Information supplied
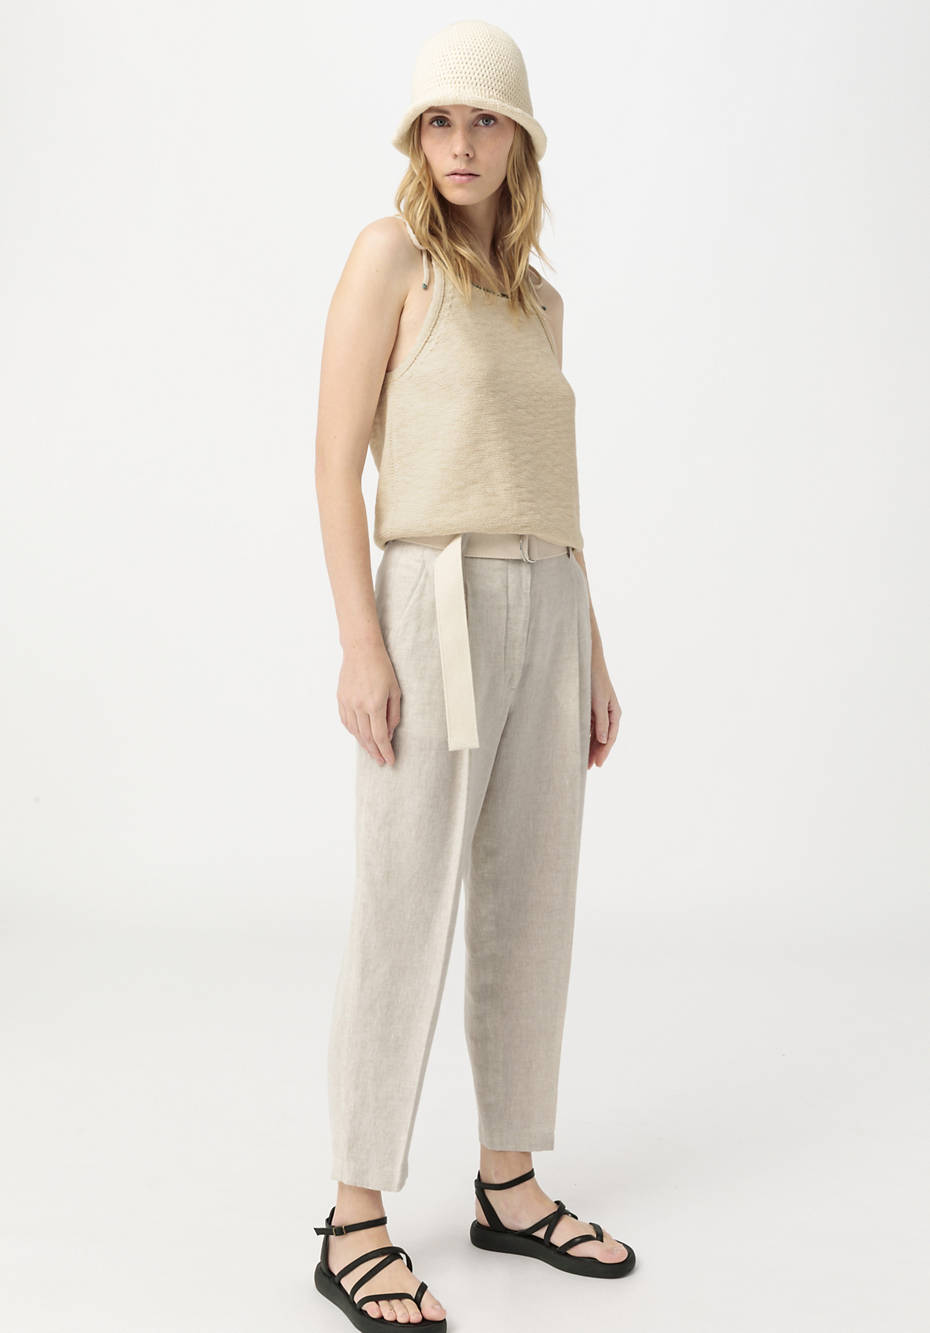 High-waist trousers made from pure organic linen
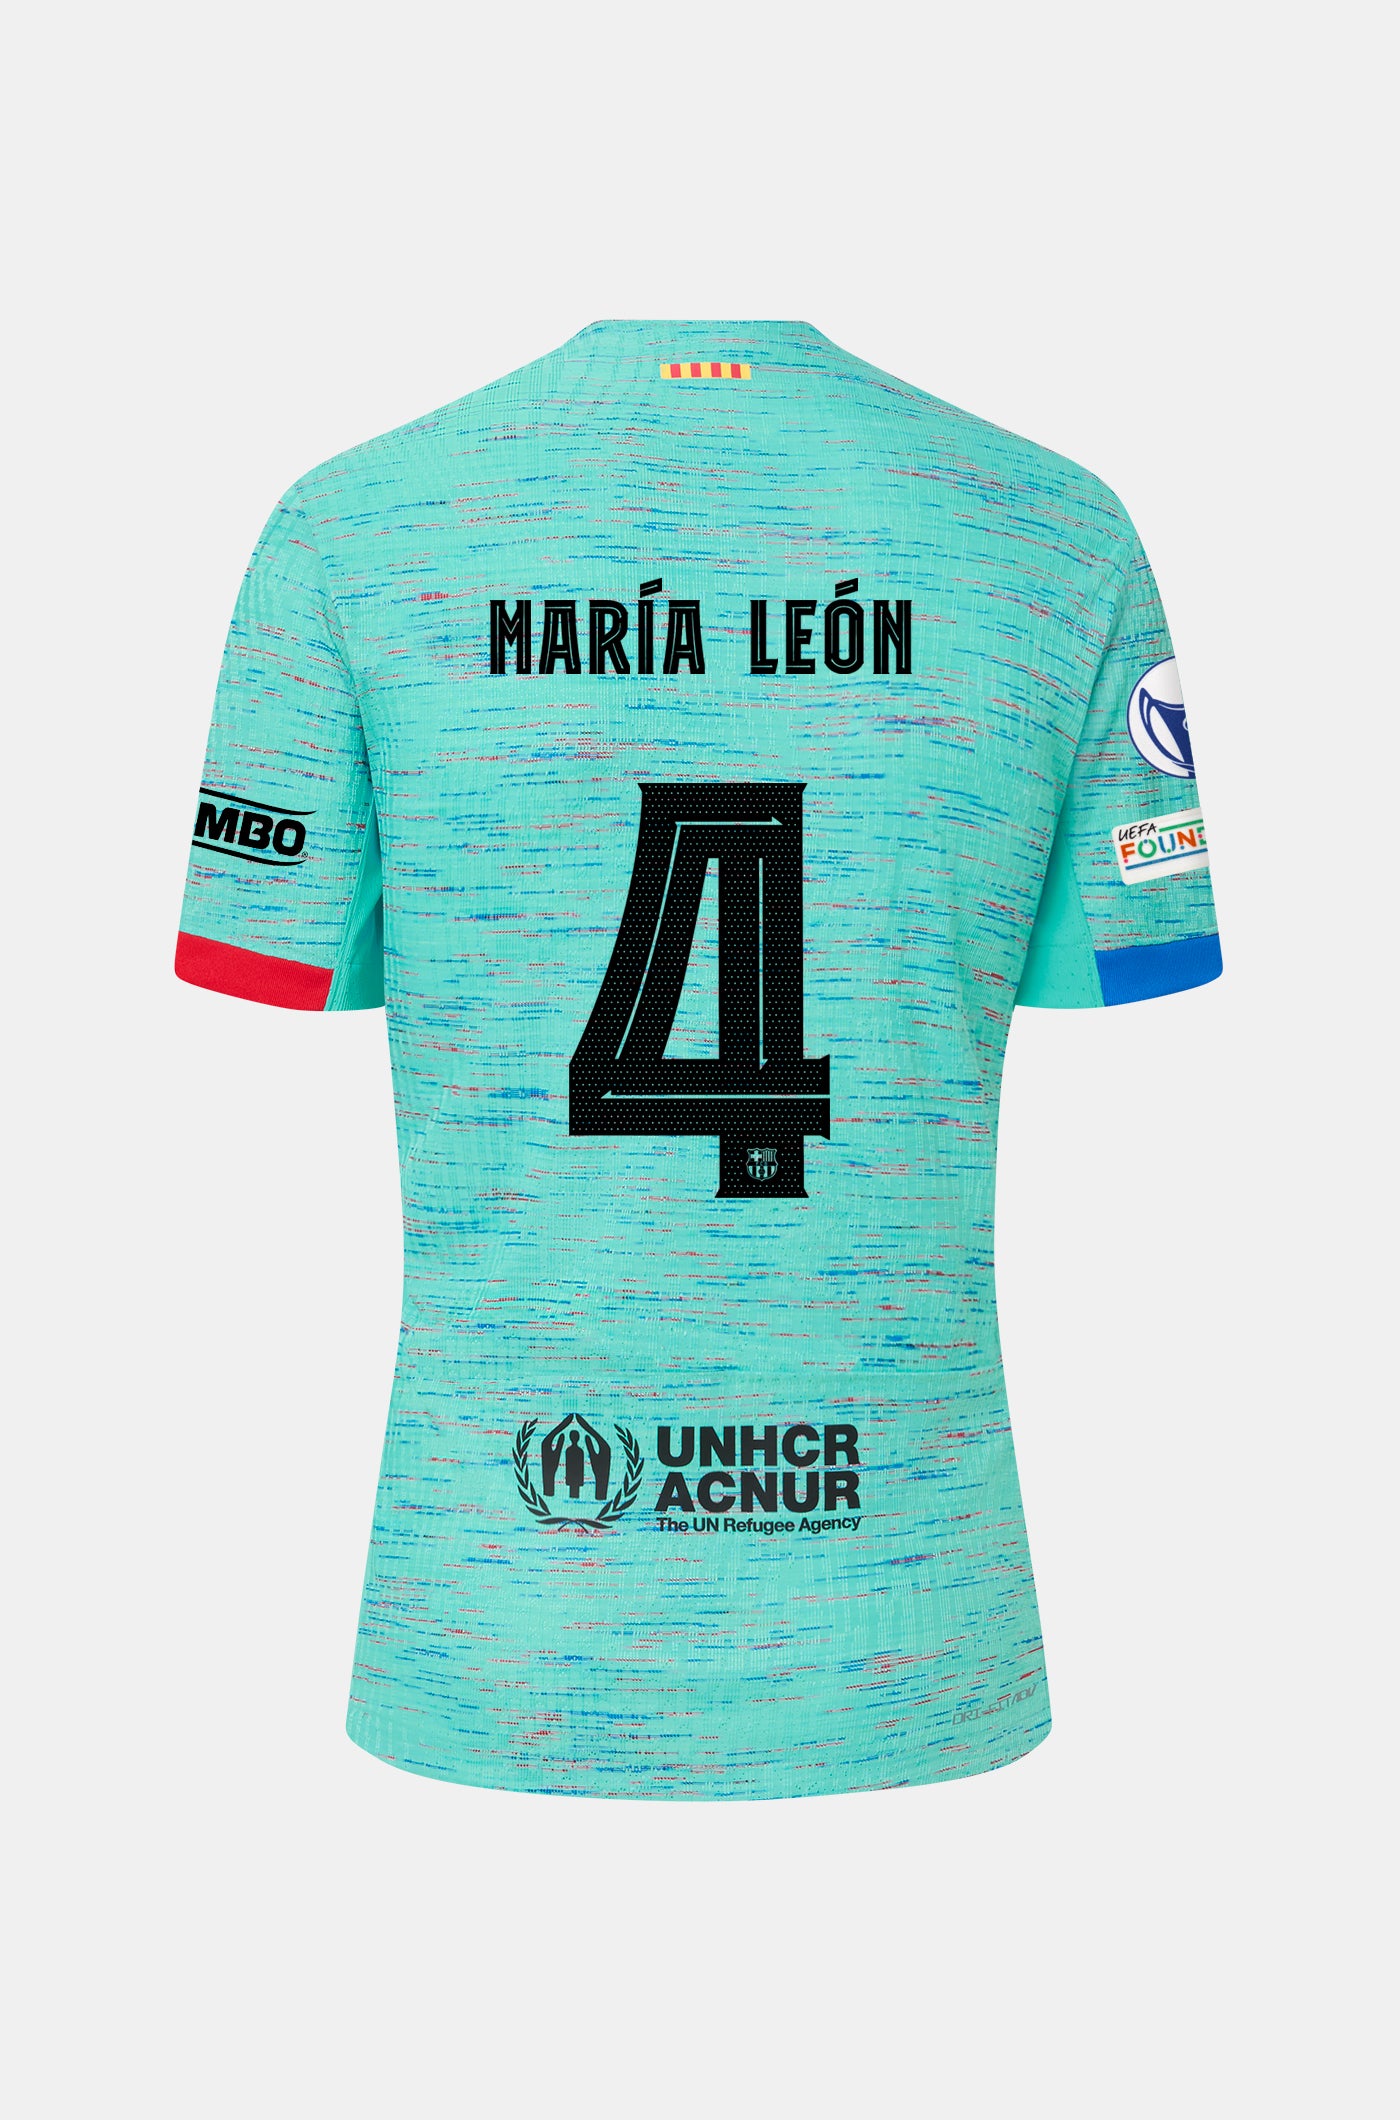 UWCL FC Barcelona third shirt 23/24 Player's Edition - MARÍA LEÓN
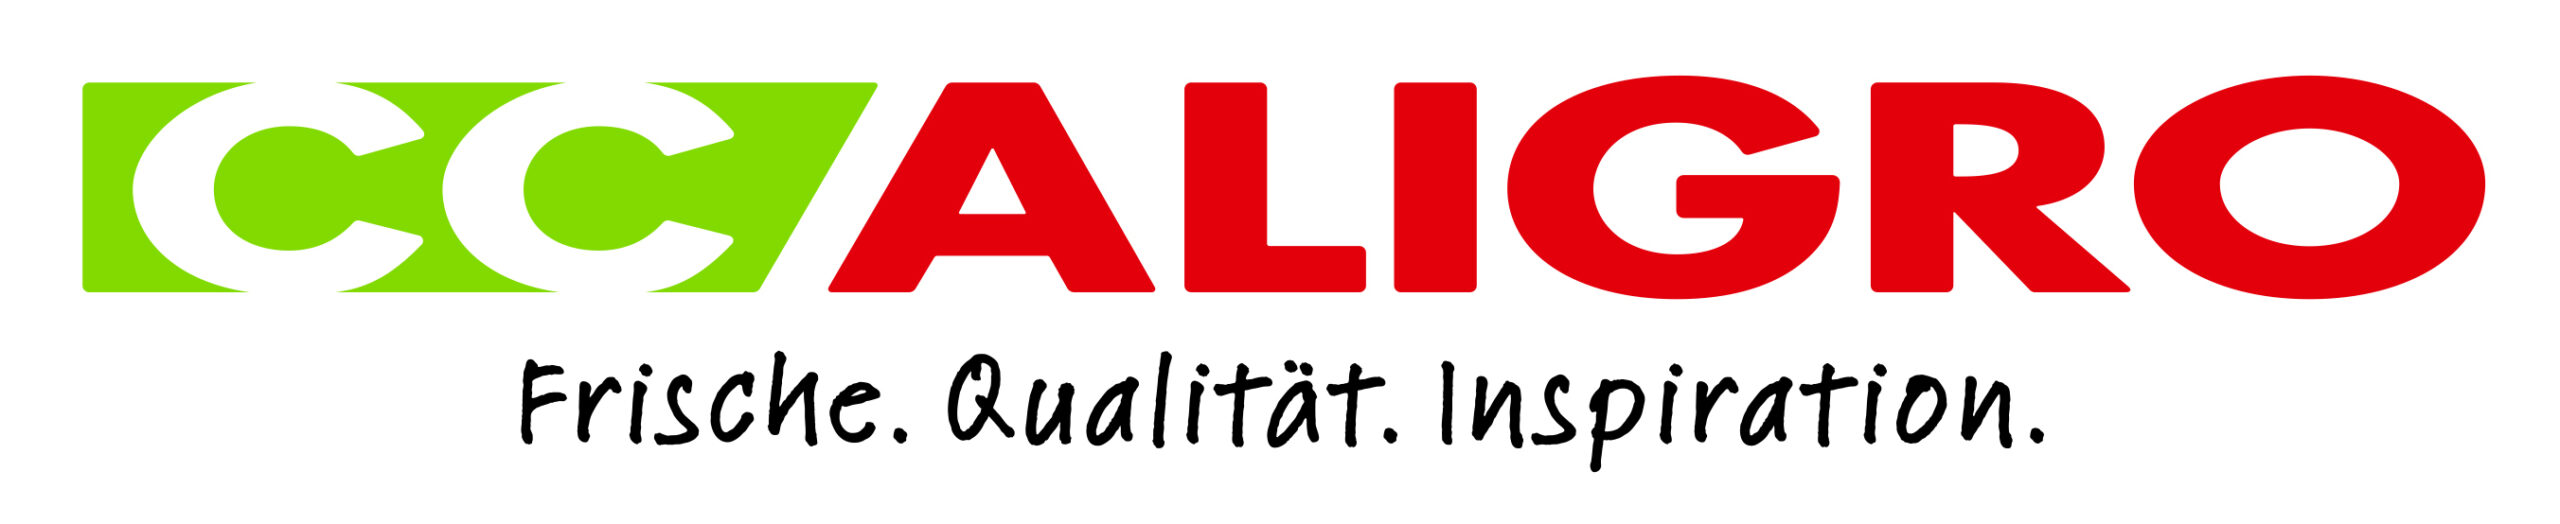 CCALIGRO Logo mit Claim, RGB
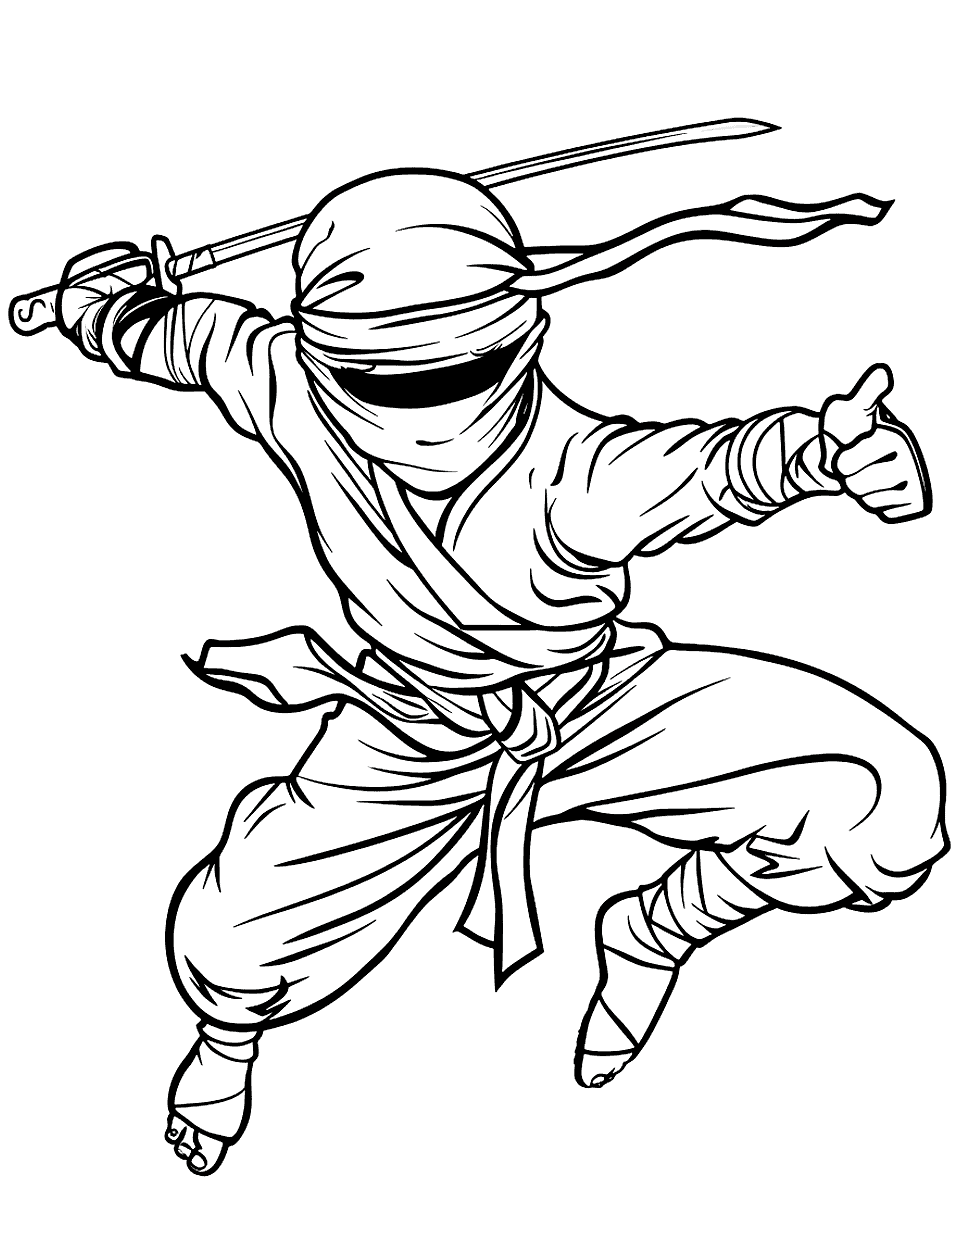 Ninja Leap Coloring Page - Ninja in mid-air, performing an acrobatic leap.

Exercise
Starting with the line that holds "UWCL FC Barcelona", copy every line exactly through the final line of the material, but skip the pictures.

Completed task
 UWCL FC Barcelona third shirt 23/24 Player's Edition - MARÍA LEÓN
 CCALIGRO Logo mit Claim, RGB
 Ninja Leap Coloring Page - Ninja in mid-air, performing an acrobatic leap.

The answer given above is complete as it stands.